Data excerpt
Content starts

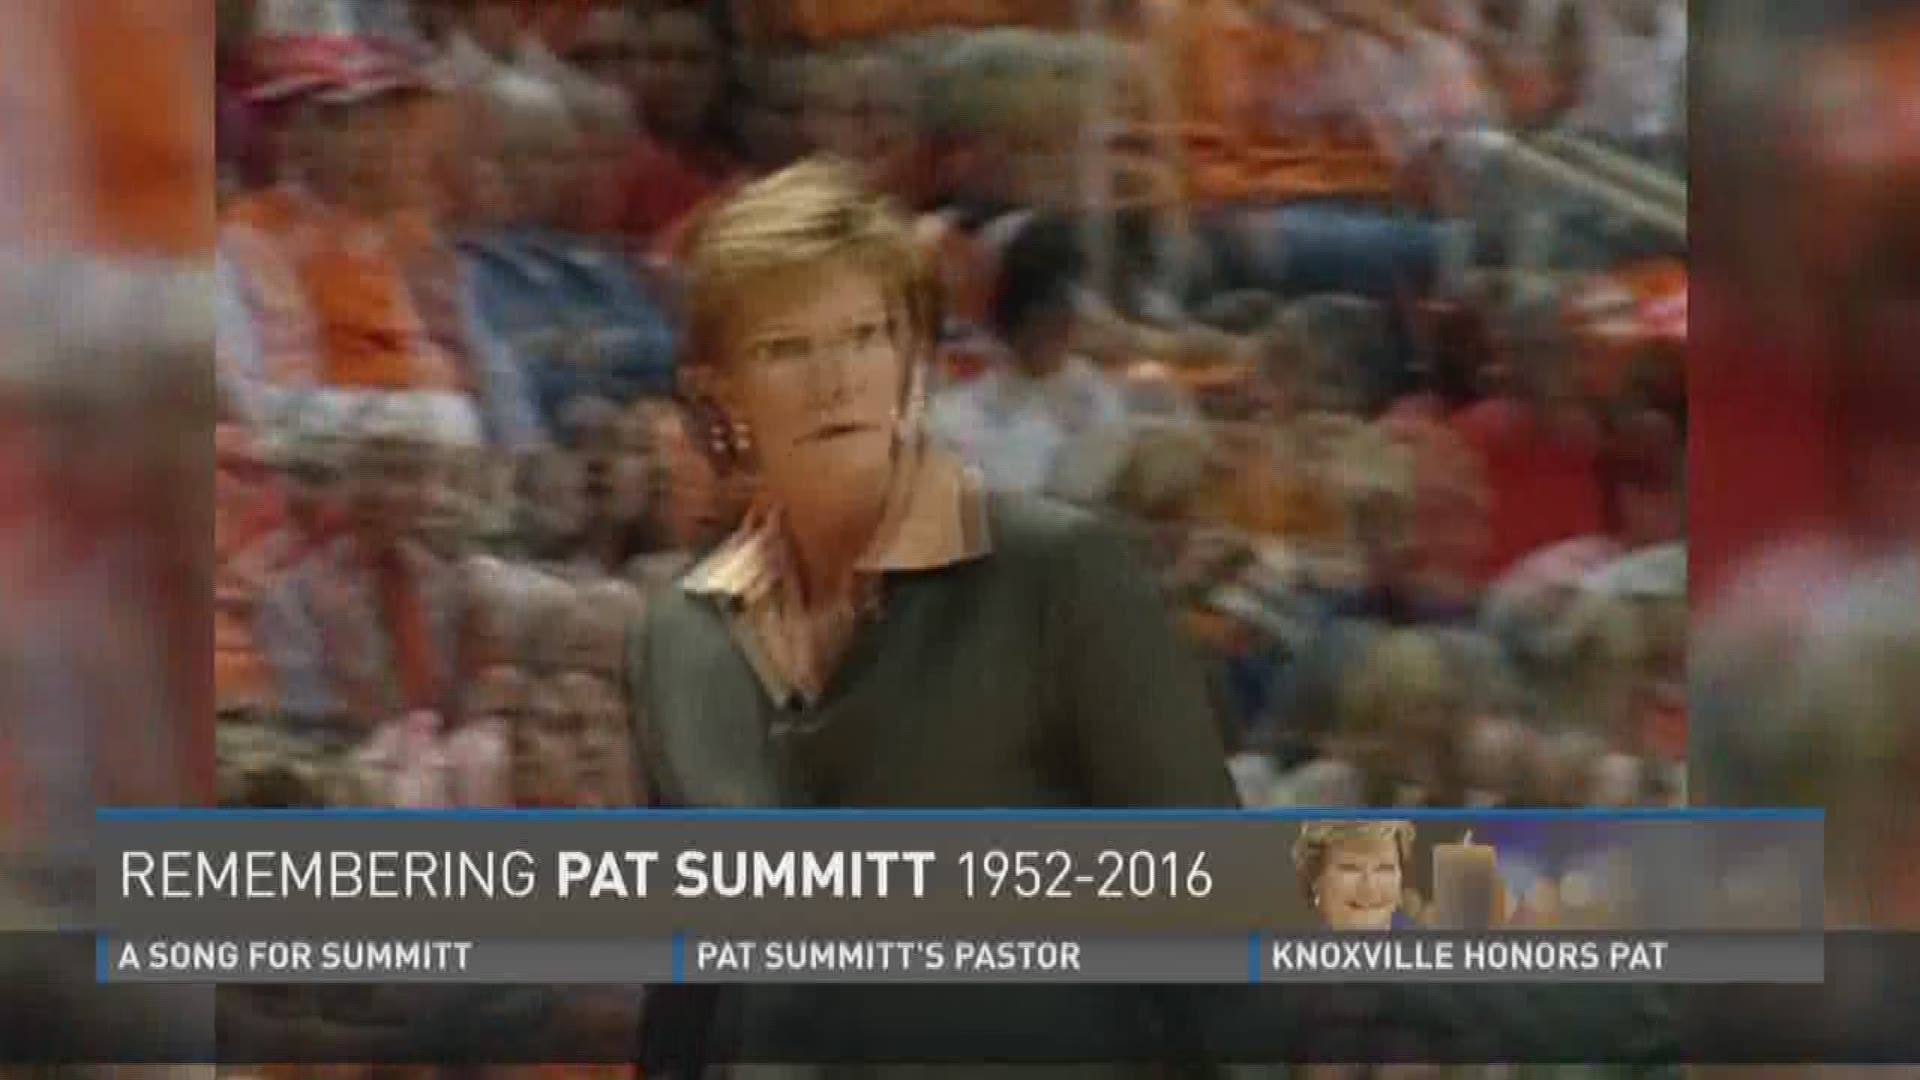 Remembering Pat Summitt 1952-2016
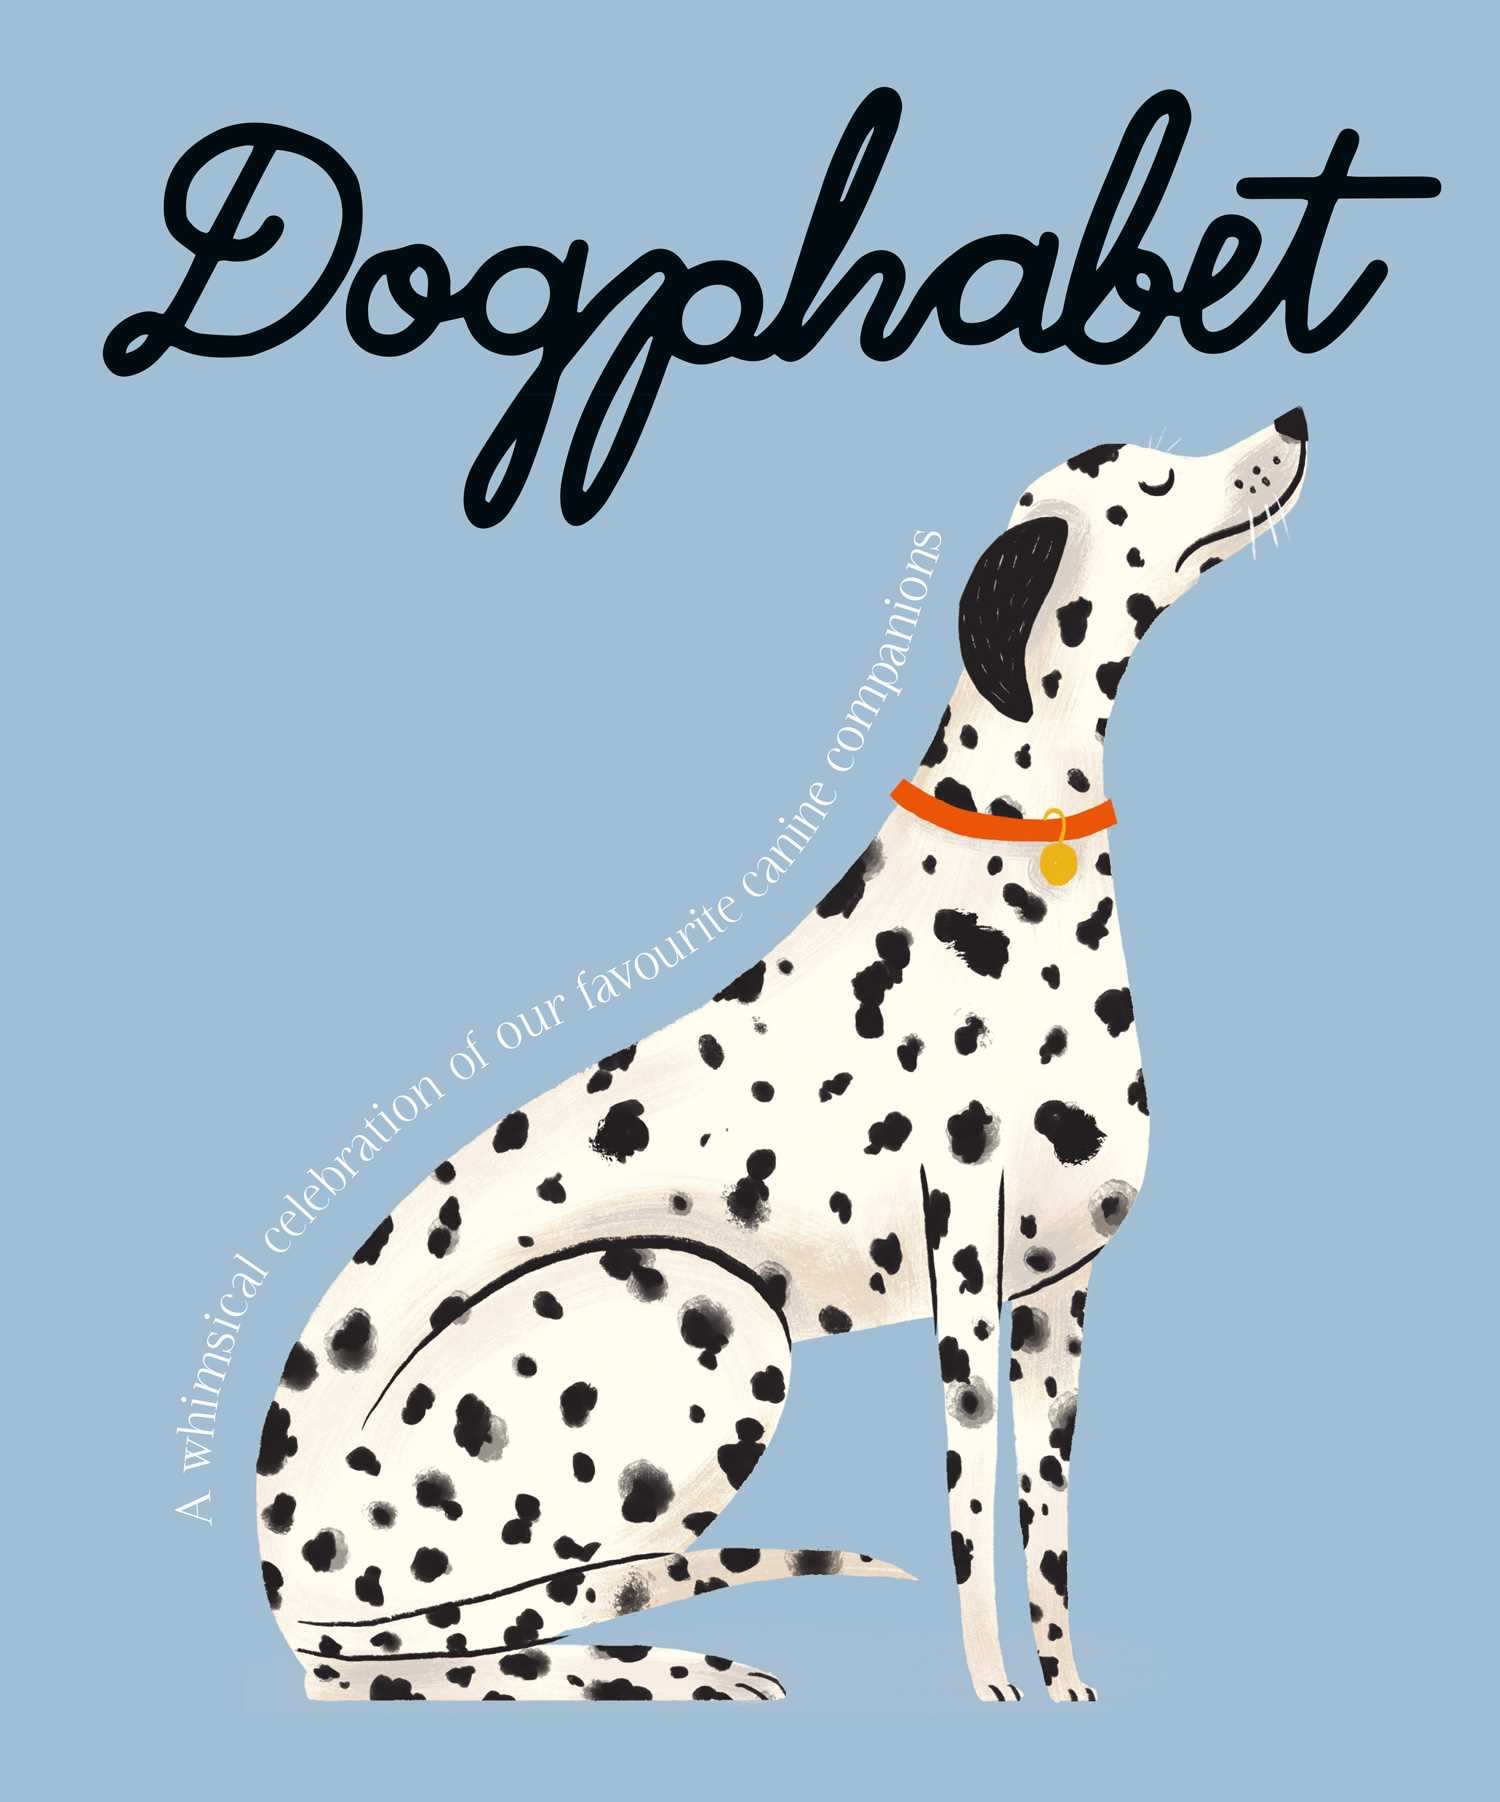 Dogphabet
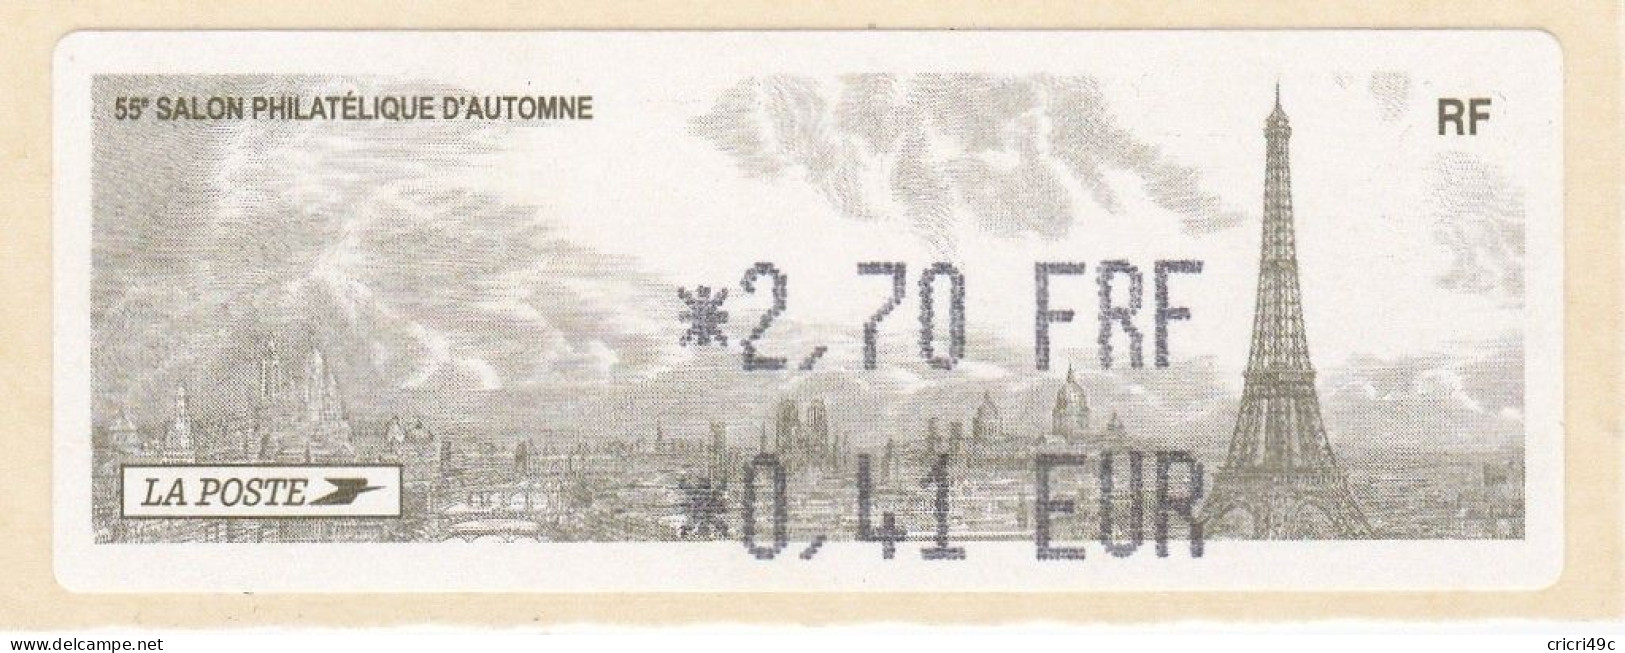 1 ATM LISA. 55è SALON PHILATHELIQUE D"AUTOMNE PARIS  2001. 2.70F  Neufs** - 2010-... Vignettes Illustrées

Content ends

Task description
Repeat the material above verbatim, with no pictures in the output.

Result for this task
 Remembering Pat Summitt 1952-2016
 Dogphabet
 1 ATM LISA. 55è SALON PHILATHELIQUE D"AUTOMNE PARIS  2001. 2.70F  Neufs** - 2010-... Vignettes Illustrées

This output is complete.